Thirteen Christmases, thirteen birthdays, thirteen summers and thirteen times around the sun.
156 months. 156 calendar flips
4747 days in a row, including weekends and holidays! 4747 days waking up without the regret of not knowing what happened the day before. No need to apologize for a drunken mistake. No longer the morning scramble of piecing together the previous day.
I turned 47 this year. Numbers are fun. Lucky 13 and interesting 47.
13 Years clean & sober!
If I am honest, this has been the most difficult year for me.
The grief of losing some amazing cornerstone people in my life knocked the wind out of me and got me to my knees.
I doubted my King and His goodness. I shook my fist and stomped my feet.
I cried and I almost gave up. The kind of ‘give up’ you do not talk about in polite company.
His faithful, steadfast, constant, patient, loving Fatherhood held me tight and sat with me in my grief. He listened to my rants and HE grieved with me. He never left even when I was so very ugly. His Love carried me. I denied it but, in my heart, I knew it. He waited for me to turn to HIM. I when I looked at HIM with my tear-stained snotty face, HE grabbed me and held me tight. There was not even a hint of condemnation, admonishment, or rebuke in HIS eyes. It was so clear, HIS words….
“Hi my daughter. There you are! I am so glad you’re looking at me as THE filter to process all of this! I am right here and always have been and always will be. It’s ok, I have you!”
Once again and still, HE is rescuing me, saving me, often from myself, and teaching me more and more of who HE is and how my identity is wrapped up in HIS. The more I know HIM the more I start to see my truest identity. Not because of who I am, or the things I am capable of, but because of WHO HE is.
Plans are funny things. We need them to get stuff done. And lists! Oh man I love a good list with my plans! I am the person who adds things I have already done to the list so I can cross it off! Took a shower? Check! Had a cup of coffee? Check!
I had plans for my life. I was going to spend the next 20 years at the job I love and volunteer with OmegaNW one day a week and any other time I could squeeze in. That is how I had been doing it and how OmegaNW had been running for 8 years. It was successful in its mission. It was a solid plan.
But in the turmoil of my grief, HIS plan emerged. Something I never thought possible or honestly thought I wanted, was presented to me. It actually unfolded more than presented. It was like the first thing on a list with nothing to follow. Scary for sure. After this last year of doubt, fear,and grief, would I trust Him?
(Could I trust Him?)
I stepped away from the job I loved in complete confidence the next thing on the list would appear. That it wouldn’t suck, that it would at least be tolerable. So maybe not a ton a confidence in that step.
The next item on the list was play. What? We don’t have time for that. Who will do all the things? Who will pay the bills and find the next job? Seriously? Play?
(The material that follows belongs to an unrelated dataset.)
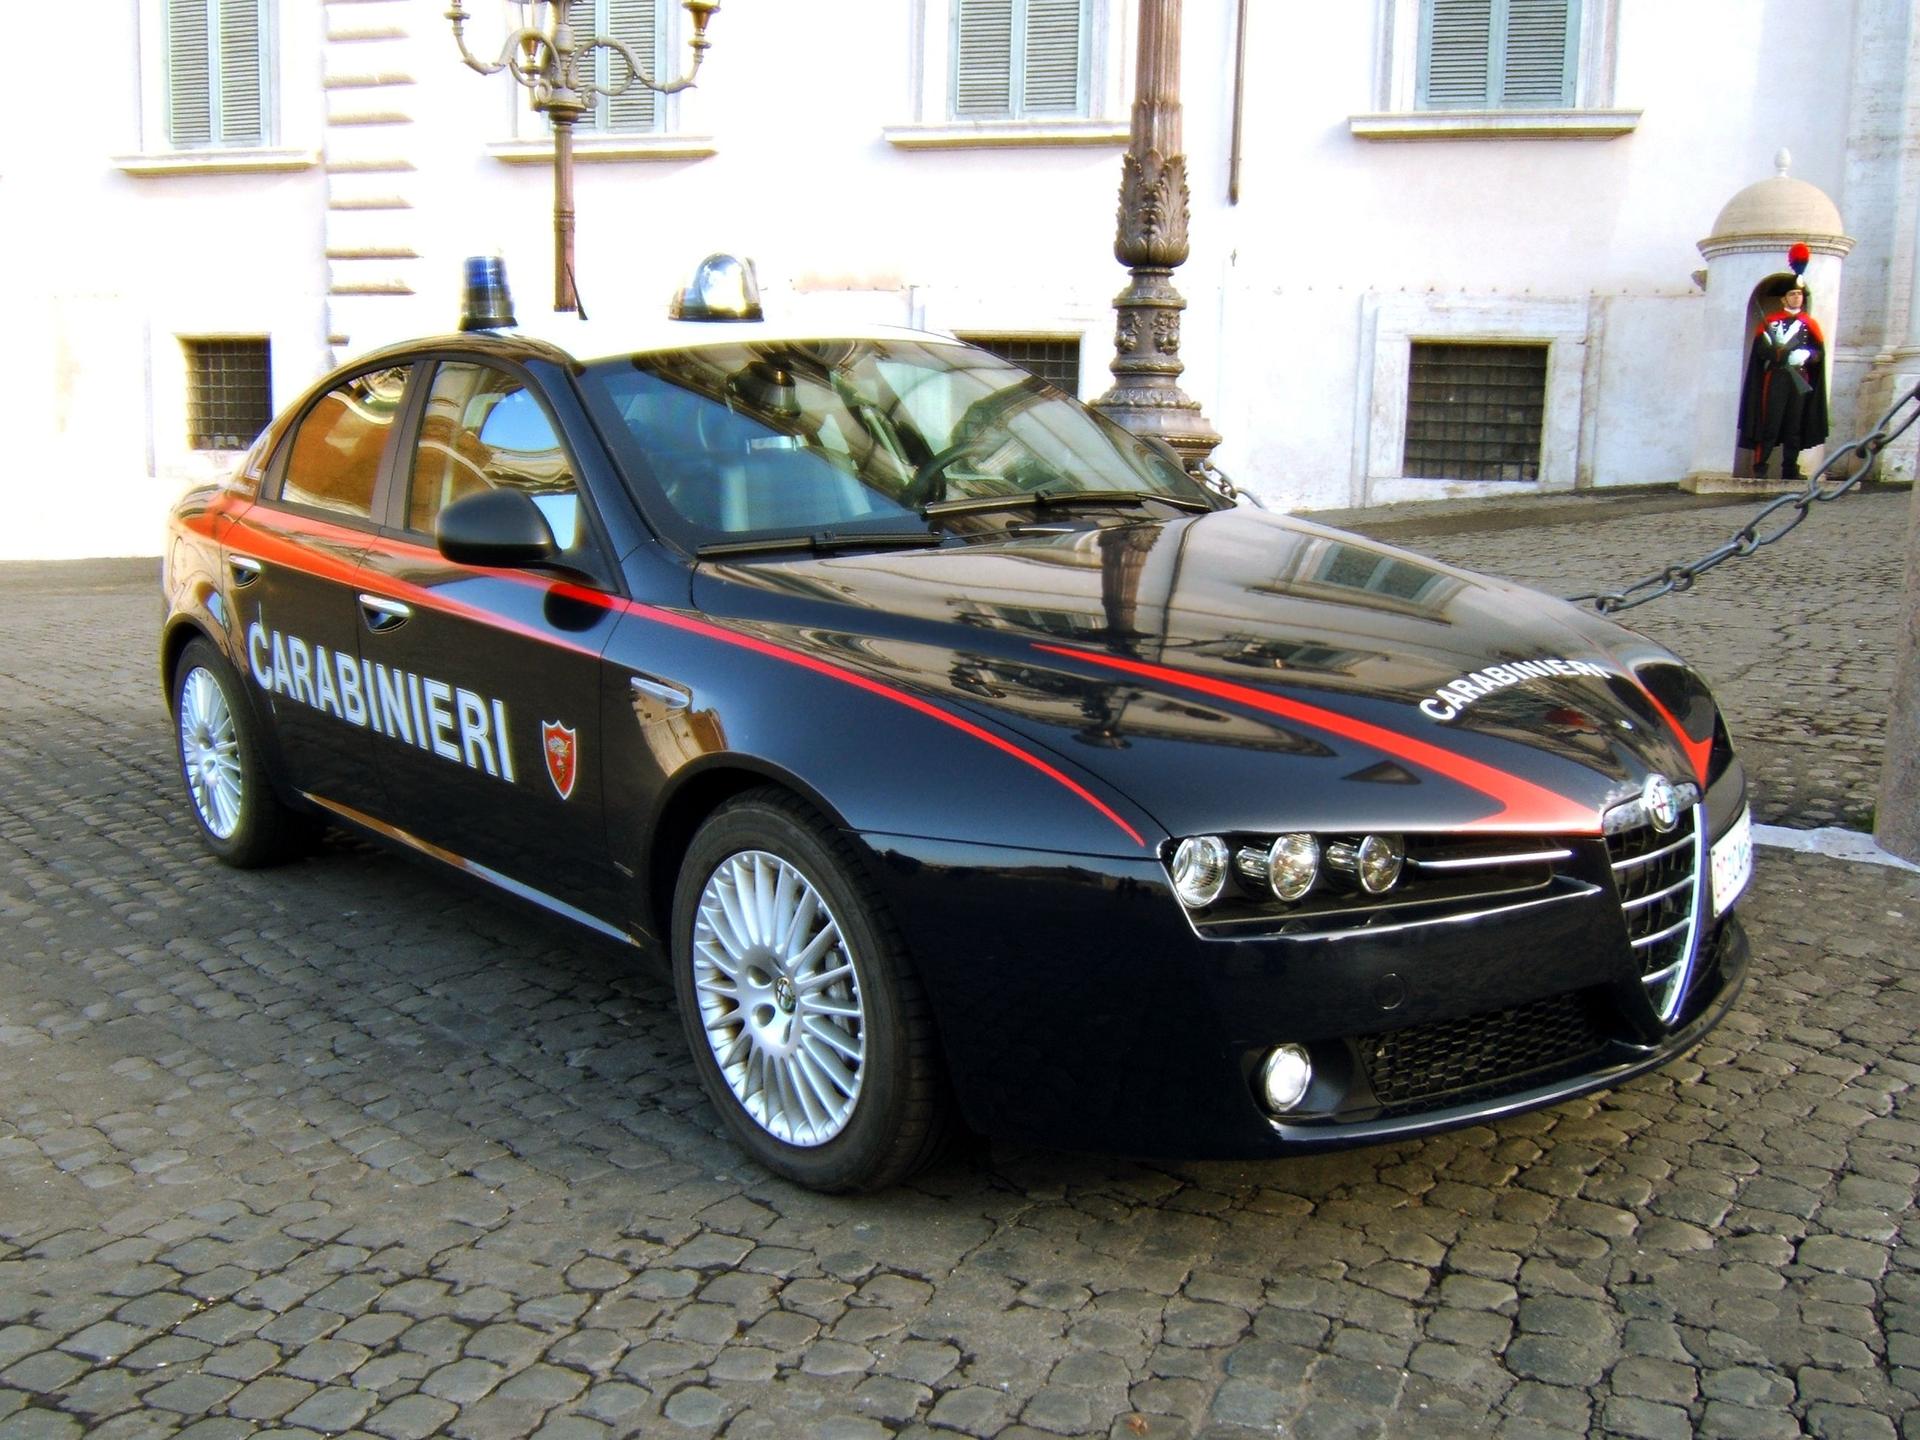 Alfa-Romeo159-Carabinieri.jpeg
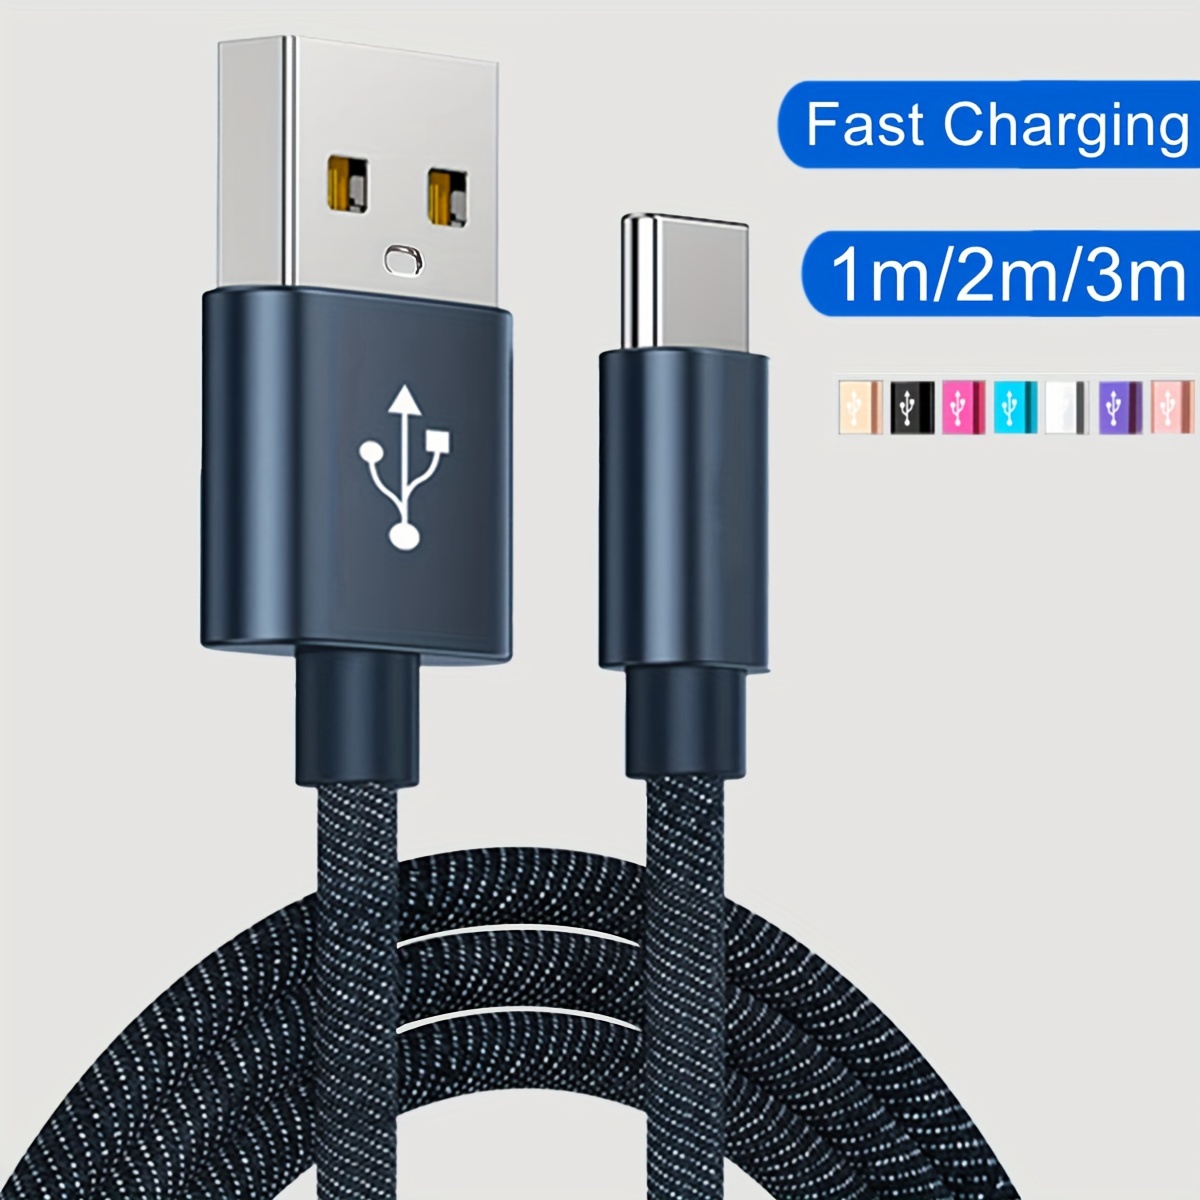 20W Chargeur USB C Rapide, YHEMI Chargeur Rapide USB A & USB C 2

Once again do I trust HIM?
So, I made a list of play items…. I couldn’t help myself. I kayaked 2 times a week, I took a trip and connected with old friends and explored and soaked in all HIS goodness. I glamped, I fished, I hiked, I prayed for a bear and I saw one! I watched the sun rise and set multiple times in Montana’s beautiful big sky! I procured a totem pole. (Fun story, ask me later) I nostalgically attended 2 homecoming parades and 2 great football games. And I rested! Oh, how I needed a rest. A deep soul-mind- body rest.
Grieving is hard work, and wrestling with the Lord is not for the faint of heart.
But the mysterious next step was slowly being revealed. He used a stirring in my heart, and it was confirmed by conversations with my mentors, the board of OmegaNW and solid friends.
The full-time job/career I needed to find when I was done playing was waiting for me all along.
As of January 1st, 2023, I became the Executive Director of OmegaNW.
Oh, how HE loves me.
I co-founded OmegaNW 8 years ago from a desire for other women to know what I learned; that I am loved by the Creator of all things, by the King of Kings, the One and only God! Me! And I just knew there were other women who needed to know this truth. OmegaNW began out of this desire of sharing HIS love and hope. I never thought this dream would be something I could do full time. I mean, doing this thing I love for a living? No way! I get to sit with women who think they are too far gone, that their mess ups and past are too messy for our God. I get the privilege of telling them that HE loves them more than they can even imagine, and HE has really great plans for them!
My story is not the exception. My sobriety and my redeemed life, while a complete Heavenly miracle, is not a one off. It is how HE works! HE loves to take our messes and show us a new way and new life. That’s HIS full-time job!
What’s next on the list? Great question. I don’t know. I know that settling into this new position and leaning on HIM yet again, is my job. The next thing will appear and I will laugh and shake my head and maybe even stomp a little as I say Yes Lord, Yes!